- _GOAL OF THE EXERCISE_
A verbatim repetition of the data below is requested, without images.

-------- STORED DATA --------

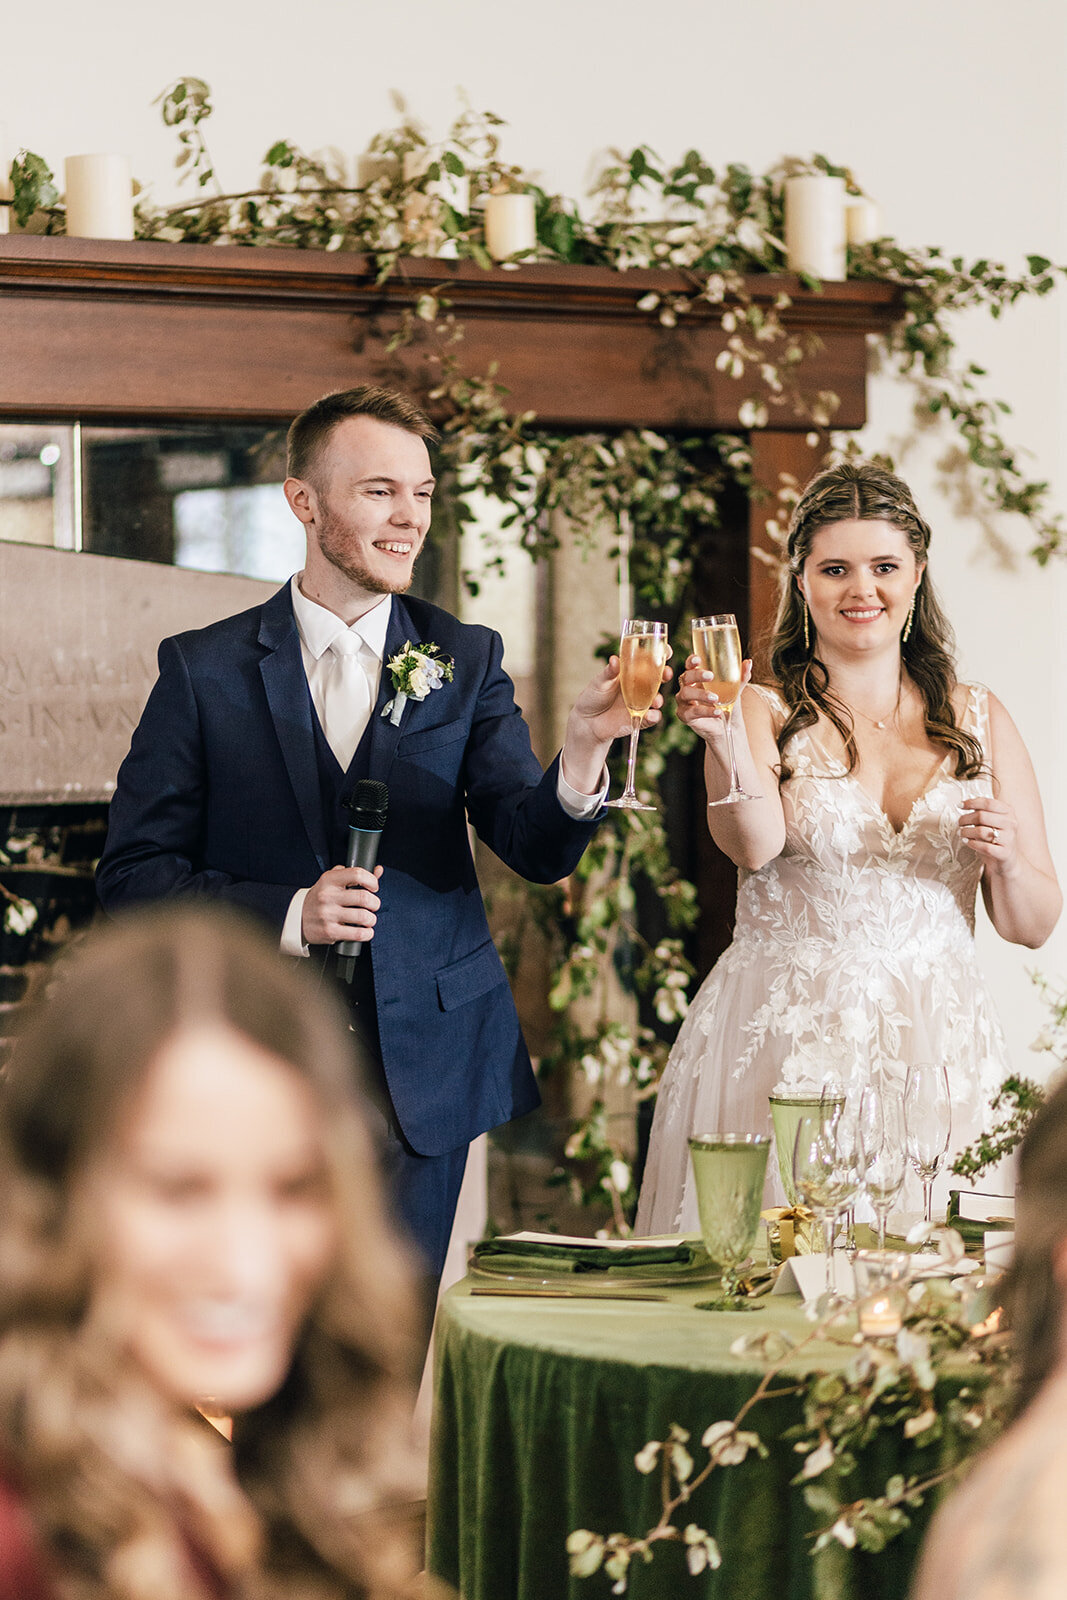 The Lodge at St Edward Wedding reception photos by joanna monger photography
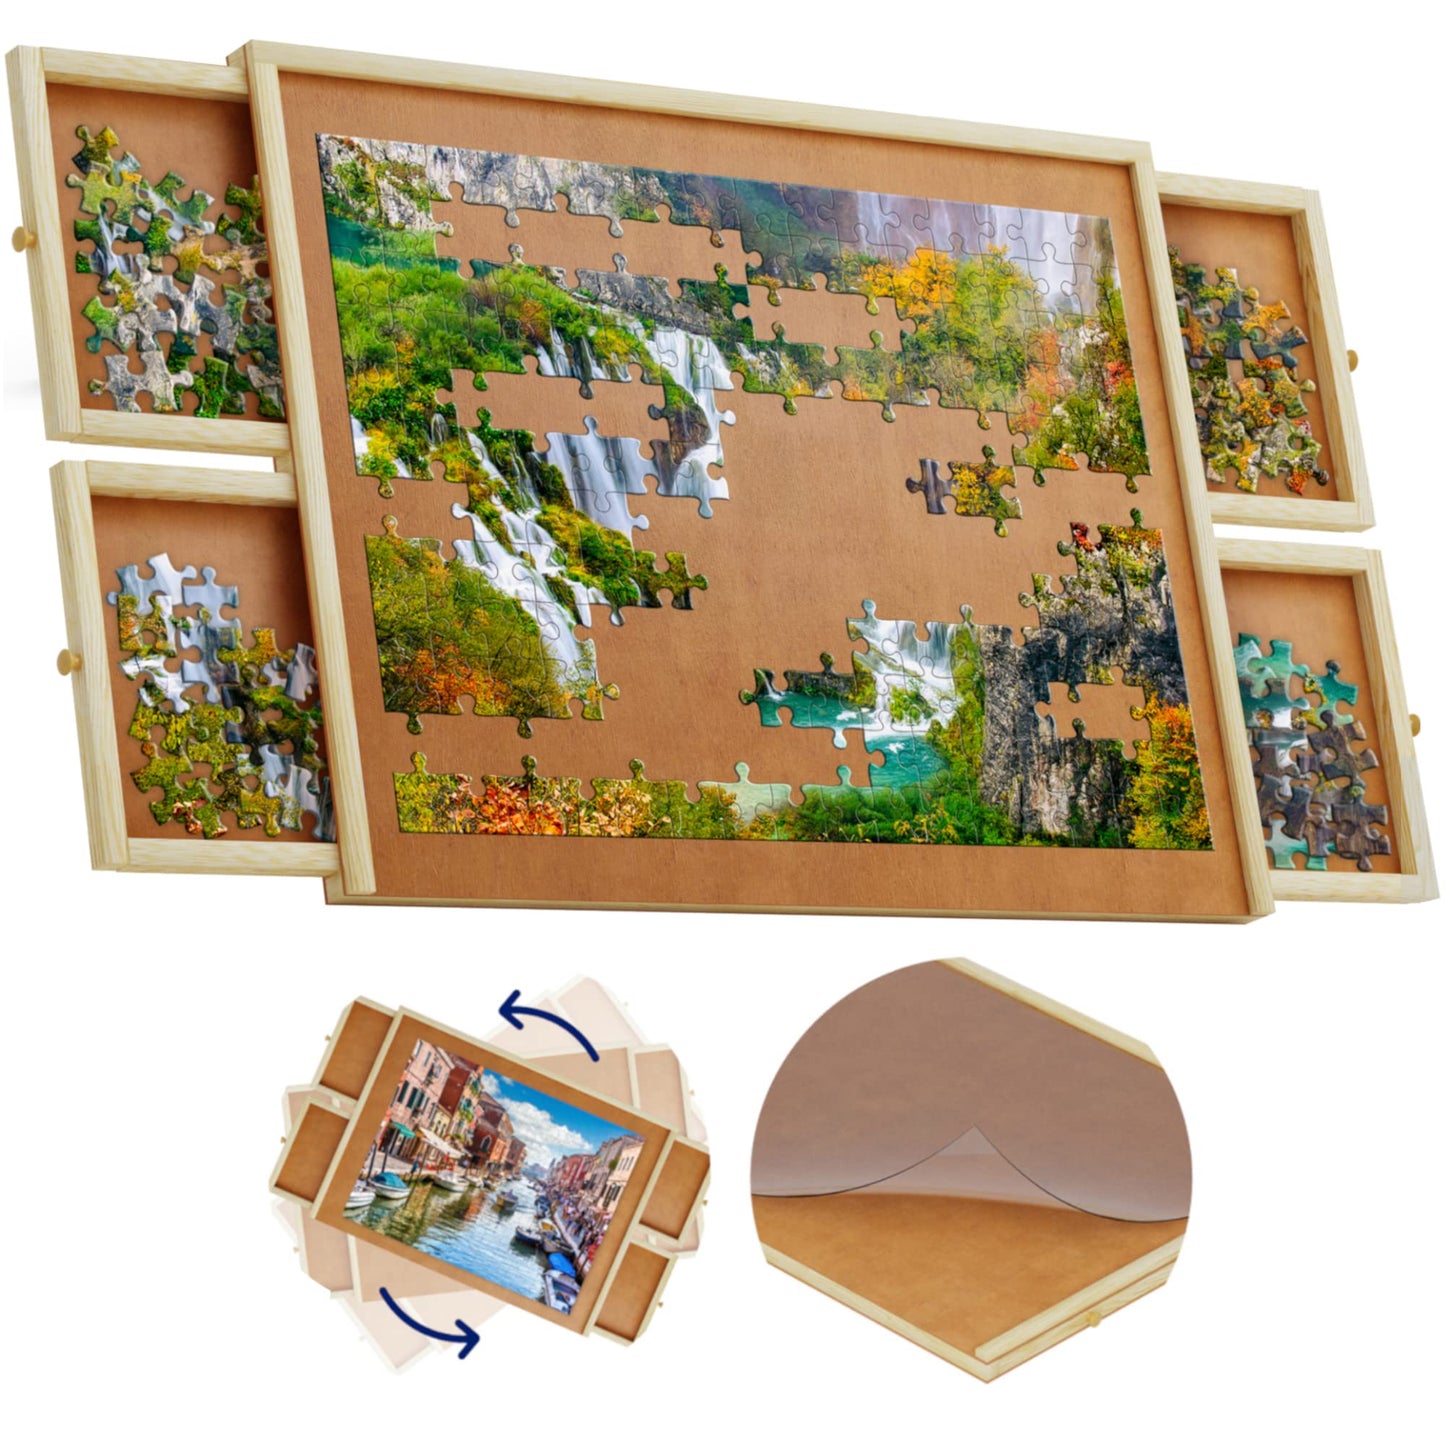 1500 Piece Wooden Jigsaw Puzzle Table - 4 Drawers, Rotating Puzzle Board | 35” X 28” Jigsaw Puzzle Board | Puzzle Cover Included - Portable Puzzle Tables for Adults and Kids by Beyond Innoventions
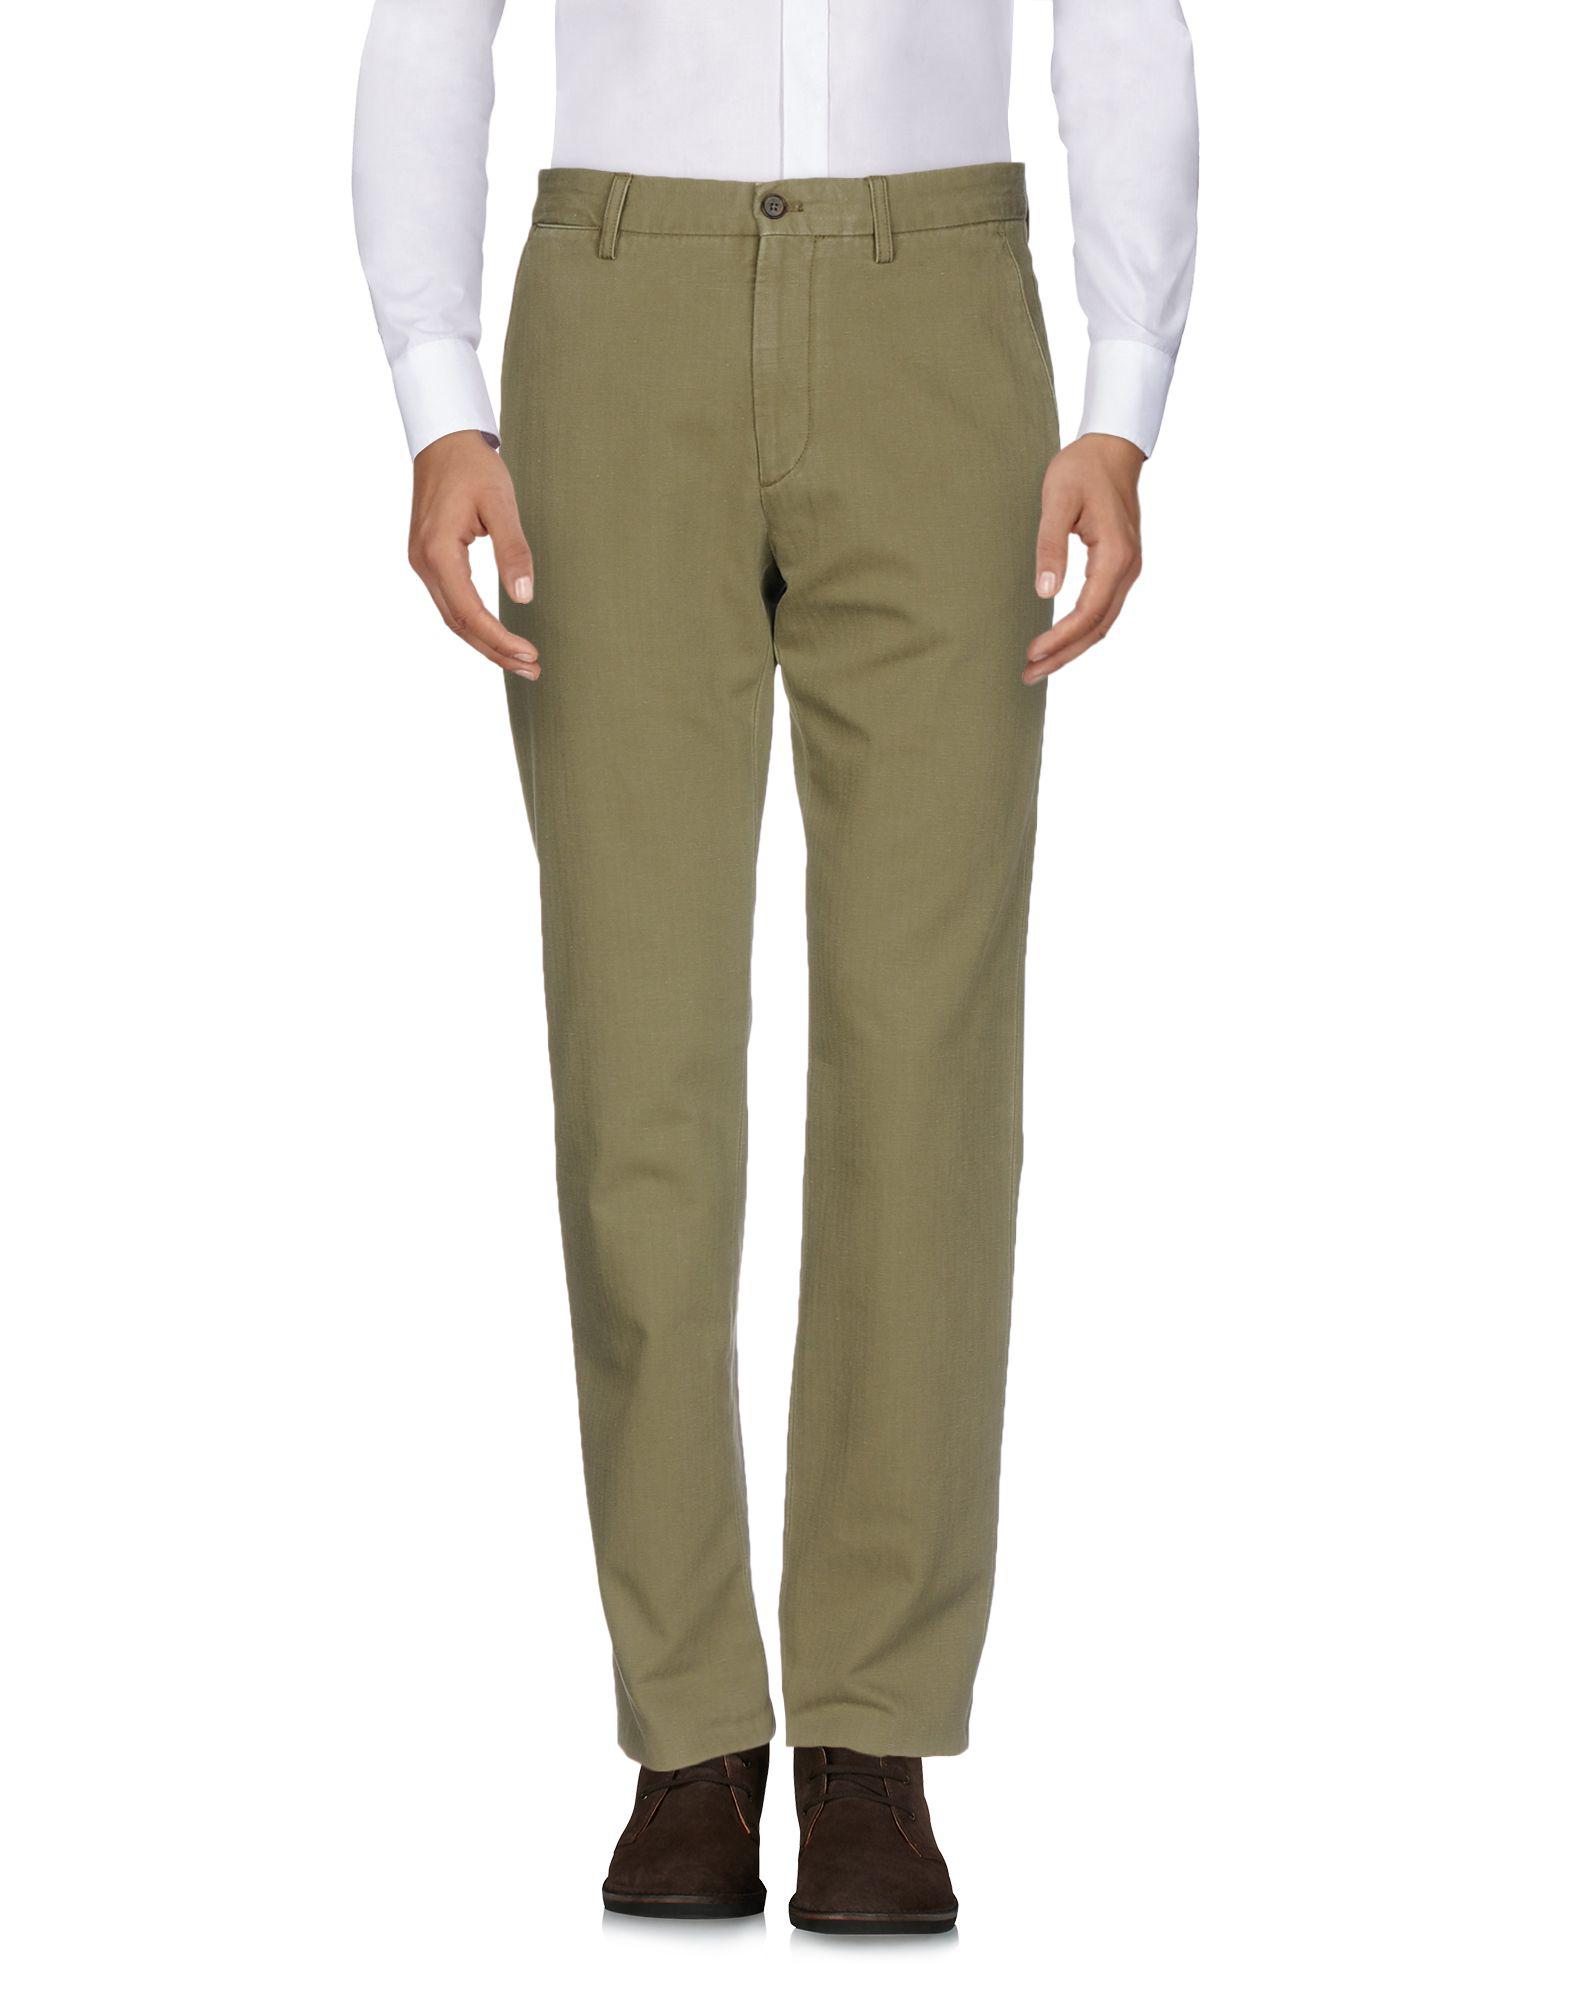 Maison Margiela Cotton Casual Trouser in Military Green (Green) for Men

--------

- _SOLUTION TO THIS PROBLEM_
 The Lodge at St Edward Wedding reception photos by joanna monger photography
 1500 Piece Wooden Jigsaw Puzzle Table - 4 Drawers, Rotating Puzzle Board | 35” X 28” Jigsaw Puzzle Board | Puzzle Cover Included - Portable Puzzle Tables for Adults and Kids by Beyond Innoventions
 Maison Margiela Cotton Casual Trouser in Military Green (Green) for Men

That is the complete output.